# Data below
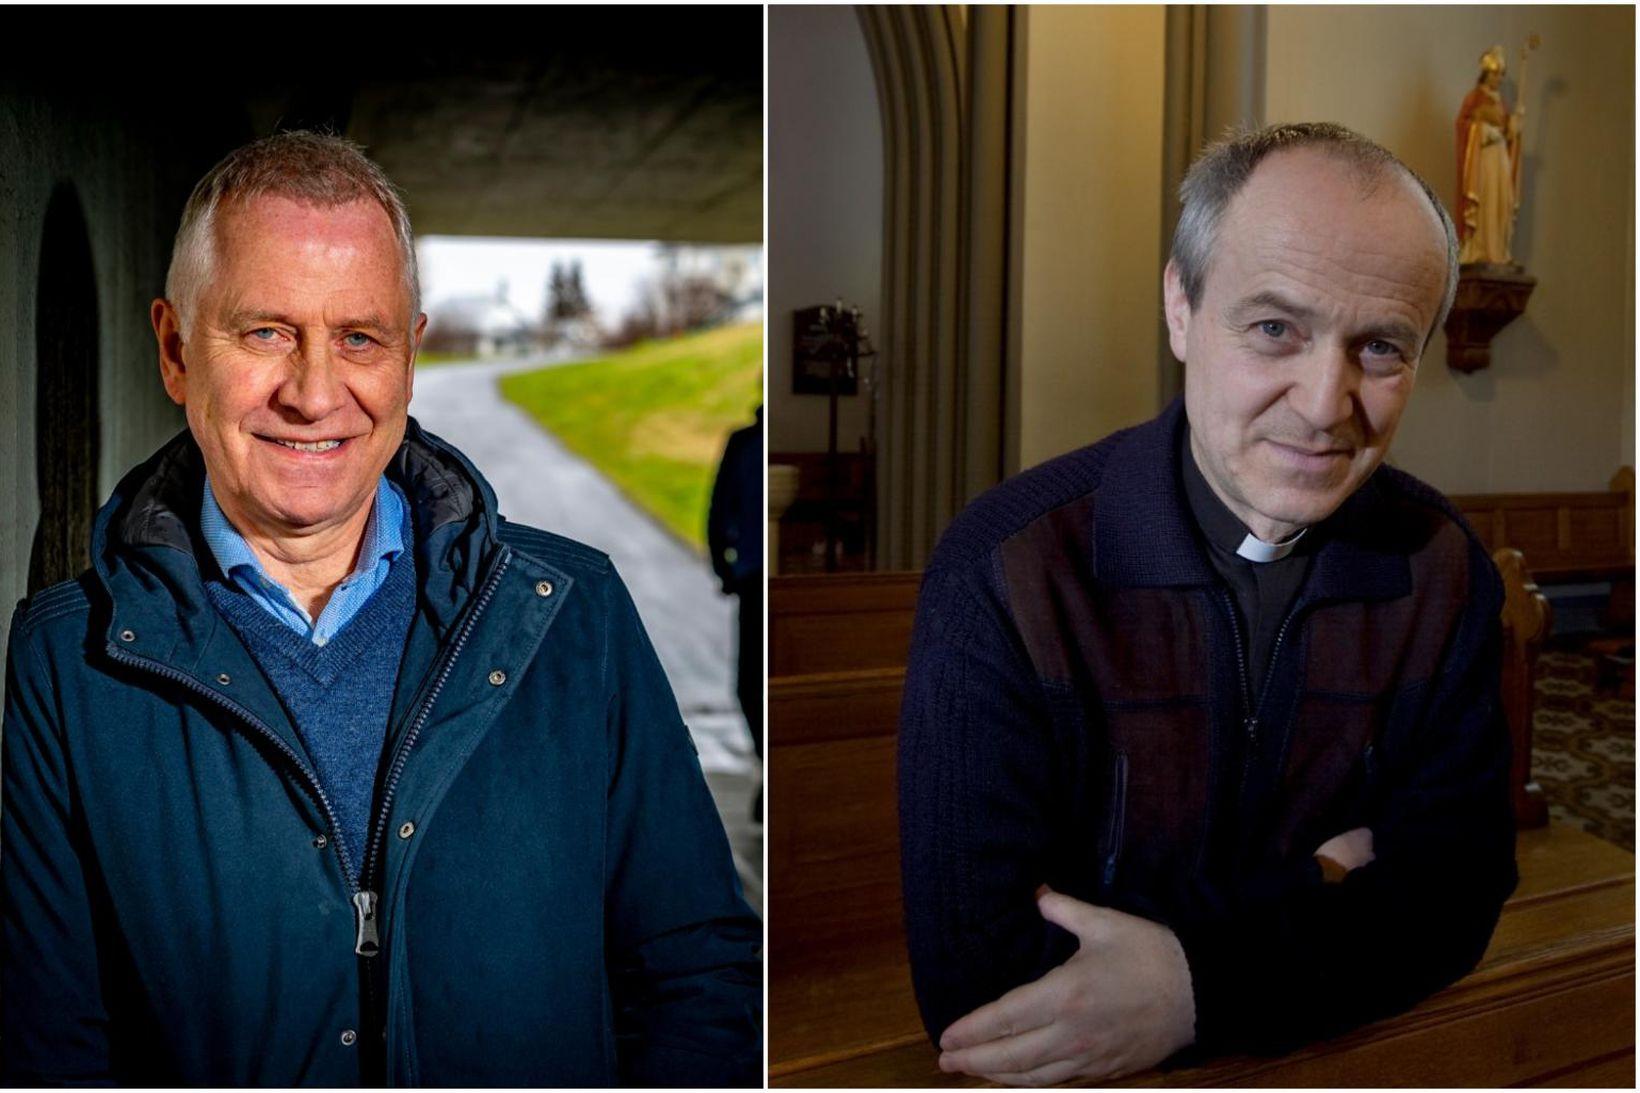 Þórólfur Guðnason sóttvarnalæknir og Jakob Rolland kanslari biskupsdæmis kaþólsku kirkjunnar
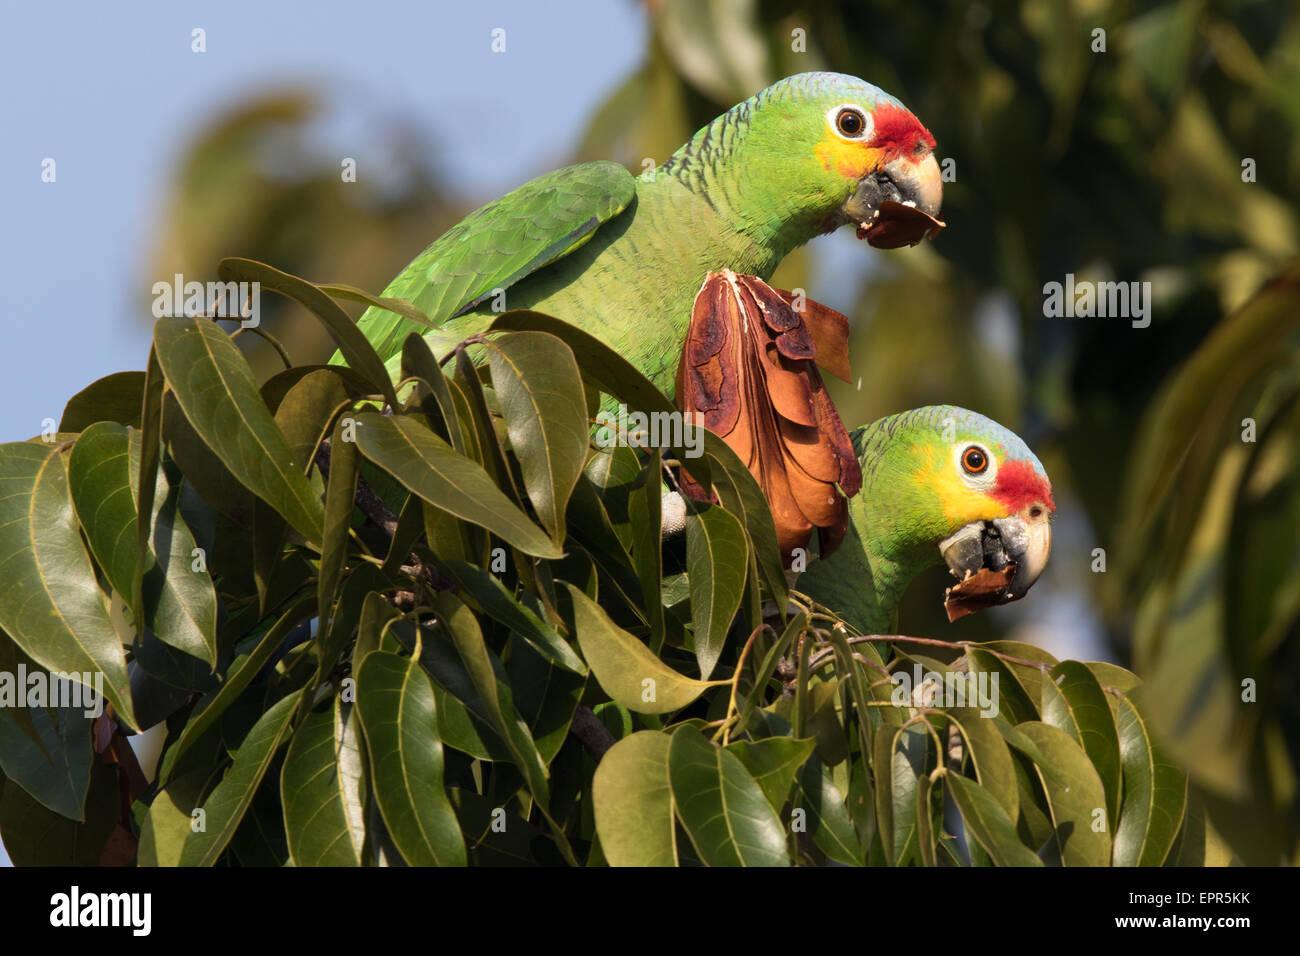 Paire de Red-lored (Amazona autumnalis) se nourrissant de graines dans un arbre Photo Stock
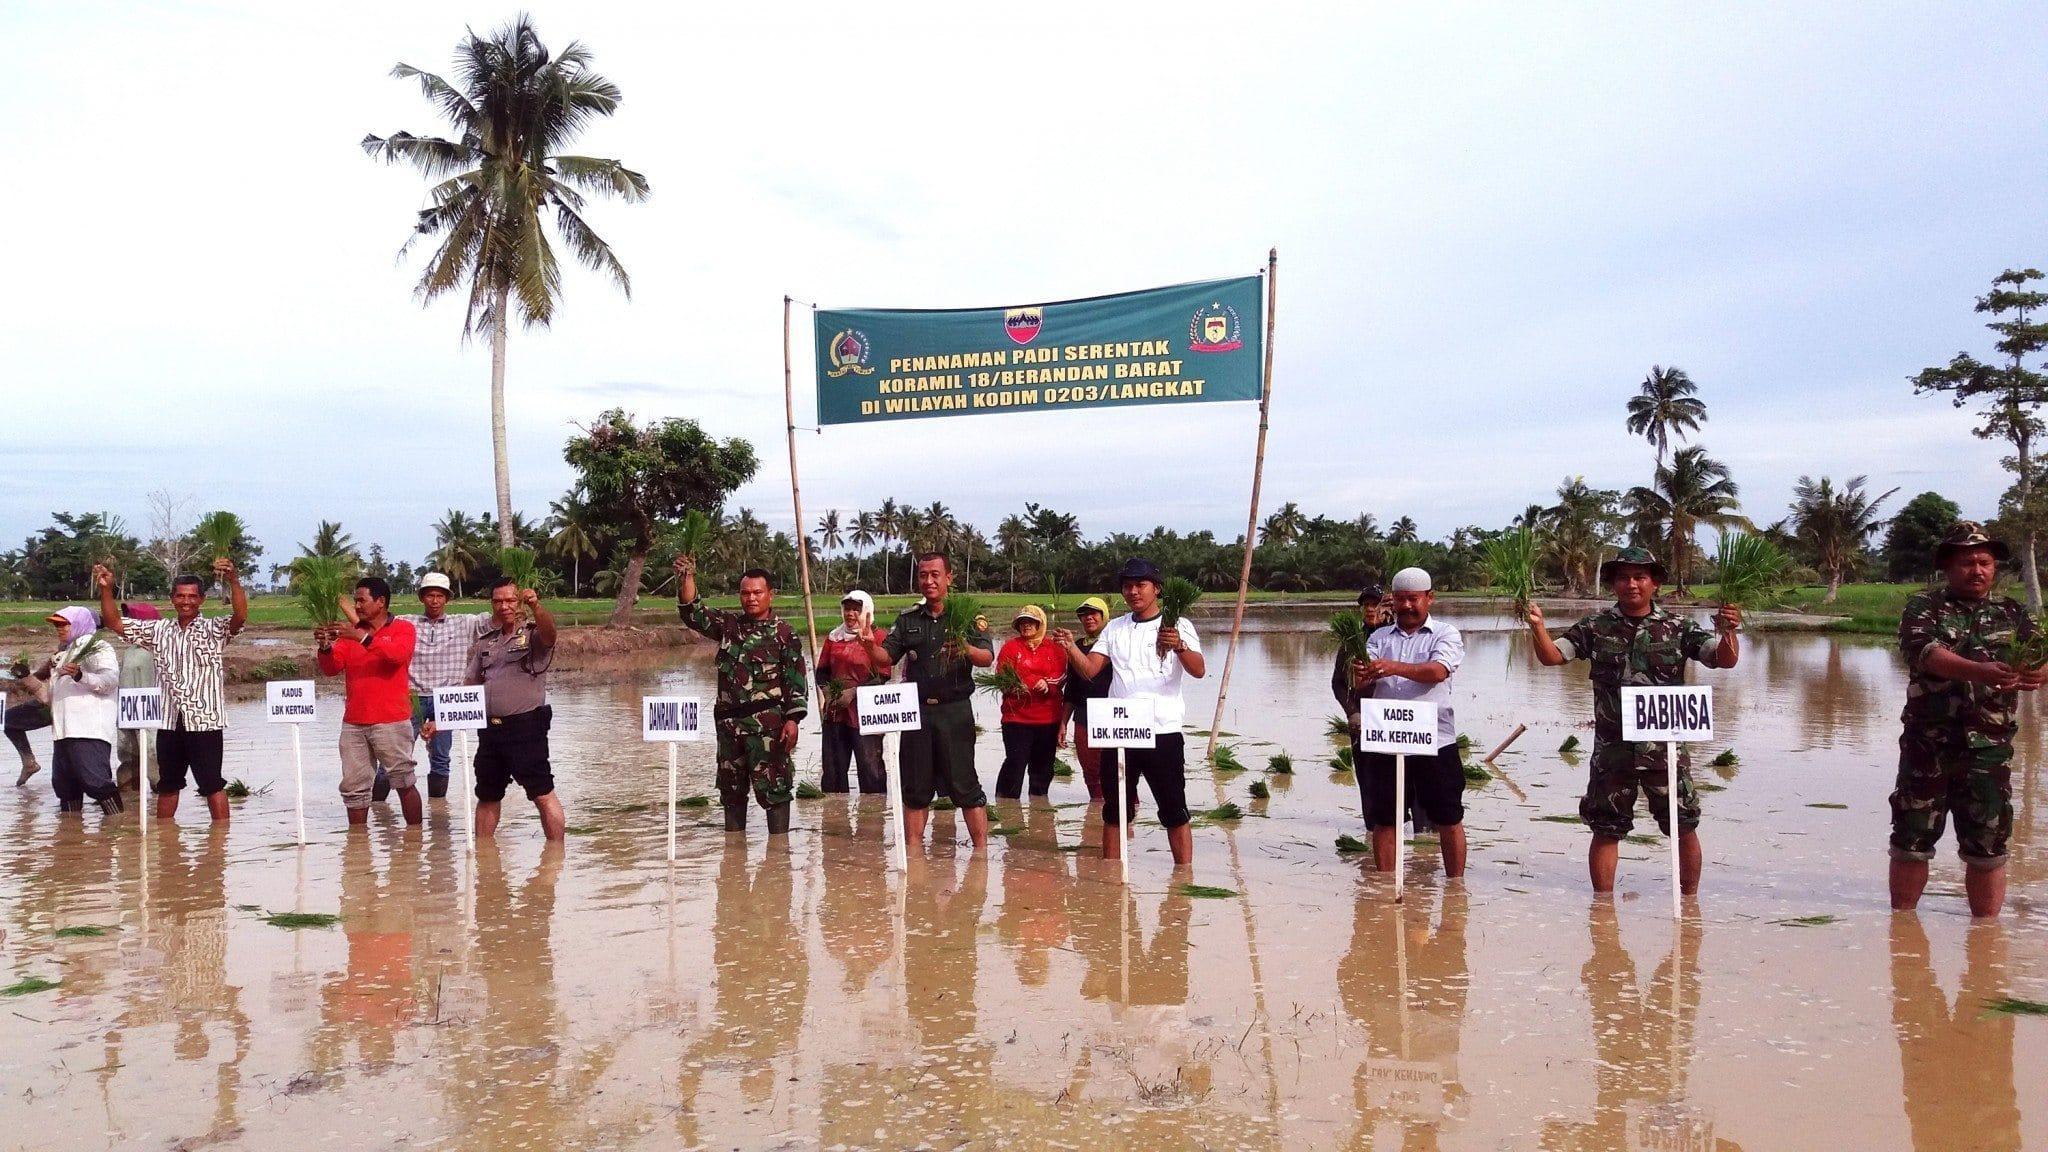 Musim Hujan Dimanfaatkan Tanam Padi Serentak Di Wilayah Koramil 18 Brandan Barat Kodim 0203/Lkt

# Task instructions
When you copy the listing, keep every line exactly as it is but leave out all images.

# Task result
 Þórólfur Guðnason sóttvarnalæknir og Jakob Rolland kanslari biskupsdæmis kaþólsku kirkjunnar
 Paire de Red-lored (Amazona autumnalis) se nourrissant de graines dans un arbre Photo Stock
 Musim Hujan Dimanfaatkan Tanam Padi Serentak Di Wilayah Koramil 18 Brandan Barat Kodim 0203/Lkt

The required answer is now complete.